COP 17 is the opposite of these scenarios. What we're witnessing in Durban is not the tumbling, frothy consumerist excesses of the crashing wave of a recklessly-expanding capitalism. Rows of chairs and computers at this UN conference, the boxes of complimentary gift bags and the politely queued delegates waiting to receive them: this is the immobilized foam, uniform in constitution after the irregular sized bubbles have burst, perched on the same wave, now receding past the first sandbar.
The urgency one might expect from a conference convened to keep the planet from cooking is absent. A journalist sings happy birthday to his son via Skype, while press releases advertise free food and drink and "good copy" to his colleagues.
Representing Grenada, ambassador Dessima Williams speaks to the plenary session. (She was part of the revolutionary Grenadian government when the US invaded in order to overthrow it in 1983's "Operation Urgent Fury.") She calmly asks the assembled delegates: "Why would we ever agree to a deal that has as its ultimate and inevitable consequence our own demise?" "It is a betrayal not just of small island nations, many of whom would be destined for extinction, but a betrayal of all humanity." The statement is transcribed and recorded on video, added to thousands of hours of archives.

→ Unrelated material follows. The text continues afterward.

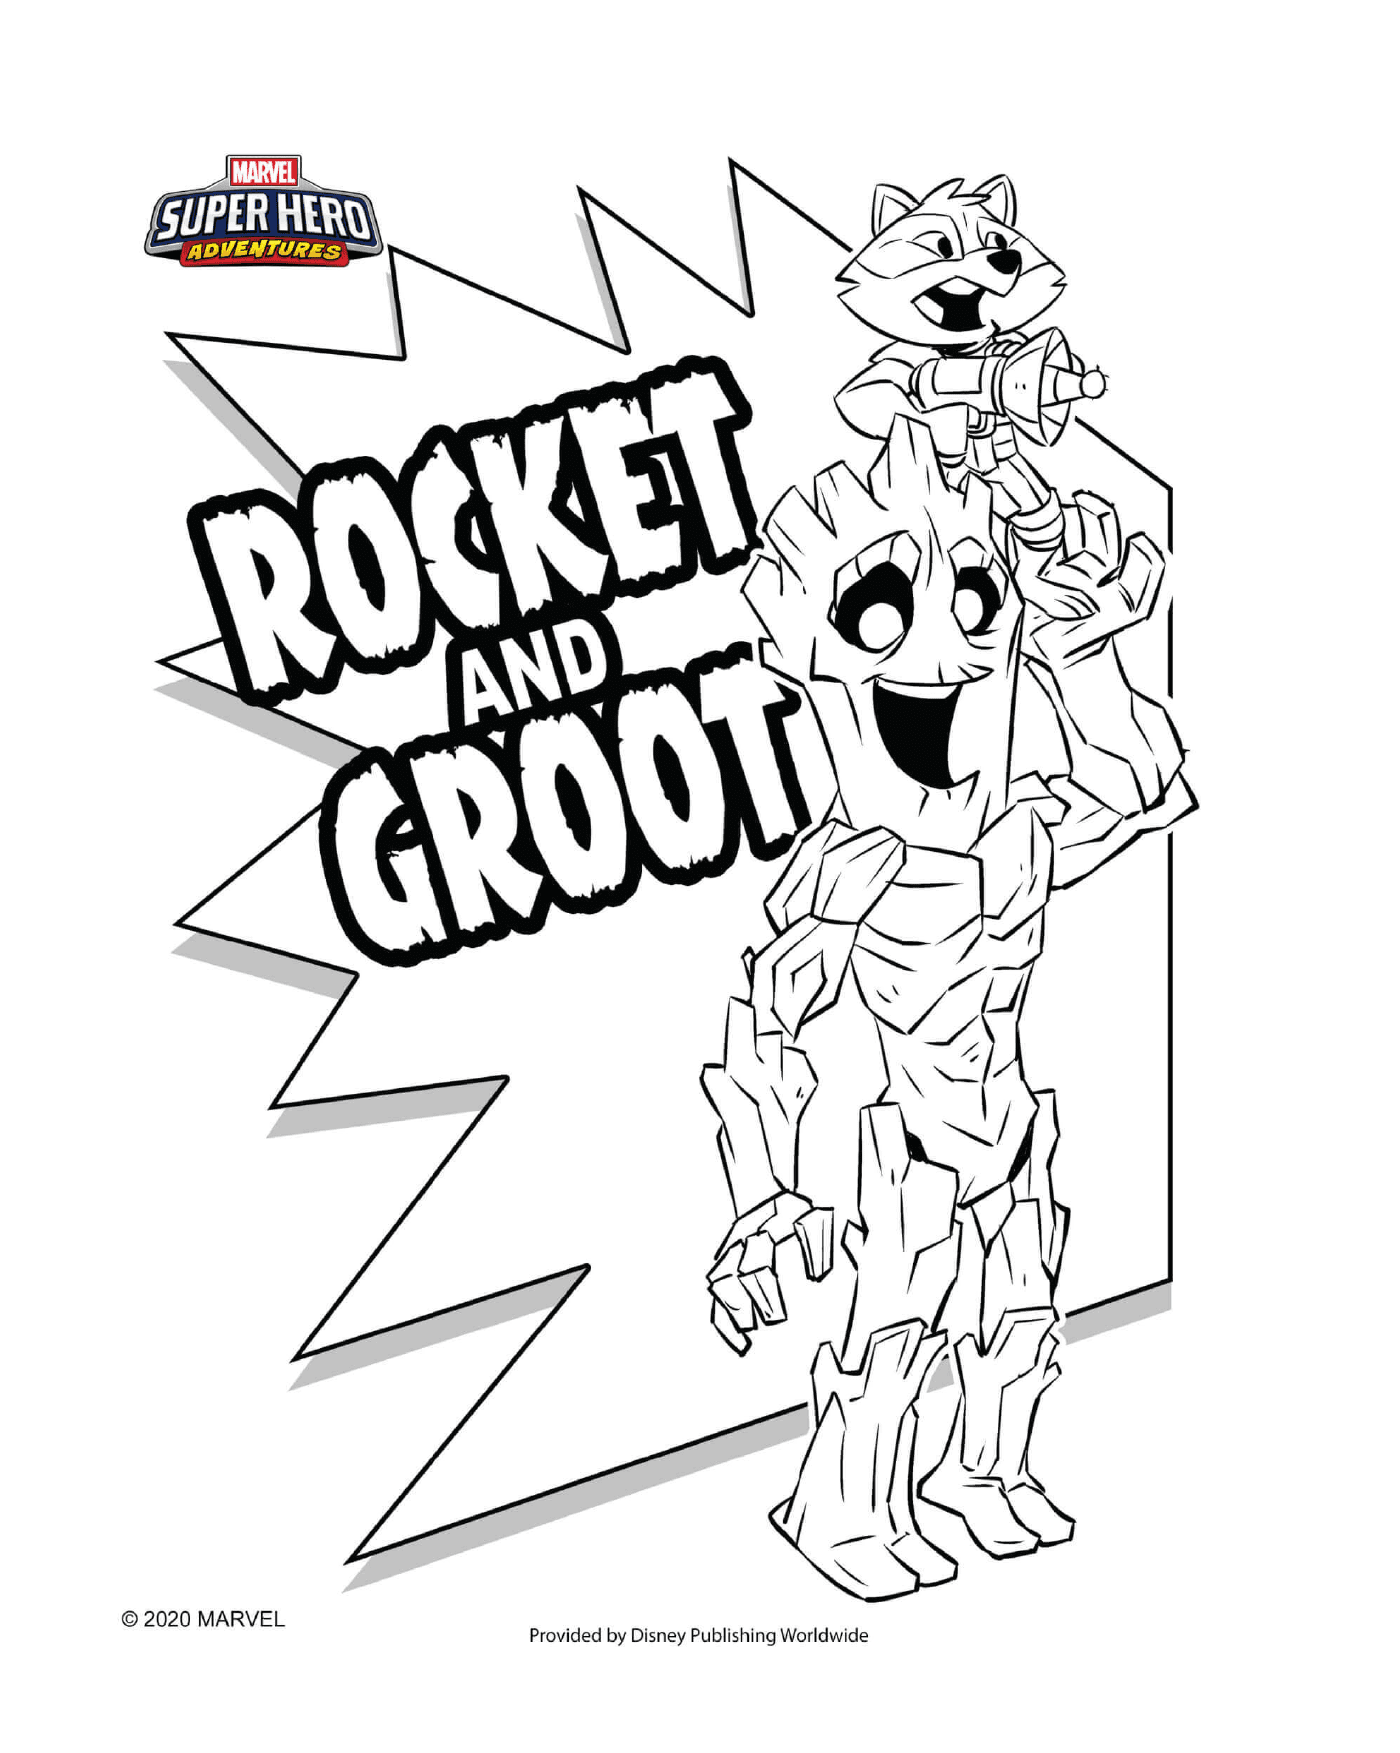  Rocket and Groot, superheroes

The proceedings continue, with session titles like: "Joint forum on the impact of the implementation of response measures at the thirty-fourth and thirty-fifth sessions of the subsidiary bodies, with the objective of developing a work programme under the Subsidiary Body for Scientific and Technological Advice and the Subsidiary Body for Implementation to address these impacts, with a view to adopting, at the seventeenth session of the Conference of the Parties, modalities for the operationalization of the work programme and a possible forum on response measures."
A possible forum on response measures.
NGO reps enjoy drinks on a patio next to Korean delegates, before moving on to the next meeting. Journalists gather documents from a converted bar -- complete with spigots which flow with metaphorical significance, despite not being connected to any keg -- and rake their laptops with their well-trained fingers, brows furrowed.
Everyone has a great reason for not expressing much beyond placidity. There are jobs to keep, funding relationships to maintain. Families to feed, careers to advance, and expensive educations to pay for. Access can be lost, patronage withdrawn and accreditation nullified. The simple privilege of passing through the security gate, greeted with a "Hello Mr. Jay," keeps me in line, along with the vast majority of others.
Not that any of these exigencies are present in the minds of any of the attendees. For the human mind to rationalize complicity with apocalyptic violence, all that is required is the initial commitment to the ideas that make that violence possible. After that, a convenient selection of facts, and the feeling of not being alone in bureaucratized atrocities is sufficient to maintain what would otherwise be considered too egregious and unacceptable to imagine.
A year ago, the international press expressed expansive frustration at the presence of thousands of plastic horns -- the dreaded vuvuzelas -- when the World Cup brought the world's finest soccer players to South Africa. Journalists seem, by contrast, undisturbed at the void of emotive expression at COP 17.
The sheer sonic power of the vuvuzelas was, I've come to realize, misplaced. Soccer players execute high-adrenaline runs and passes that require precision, skill, and perfect timing. We should let them play to milder cheers issued from human vocal chords. UN bureaucrats, diplomats, patronage recipients, ambitious young speechwriters and analysts who plod to rooms with names like Kosi Palm and Amanzimtoti River in de rigeur polished shoes or high heels: these are the people who need to feel the collective drone of the world's unrest, the inescapable fact of tens of thousands disgorging an unsettling, undulating hum.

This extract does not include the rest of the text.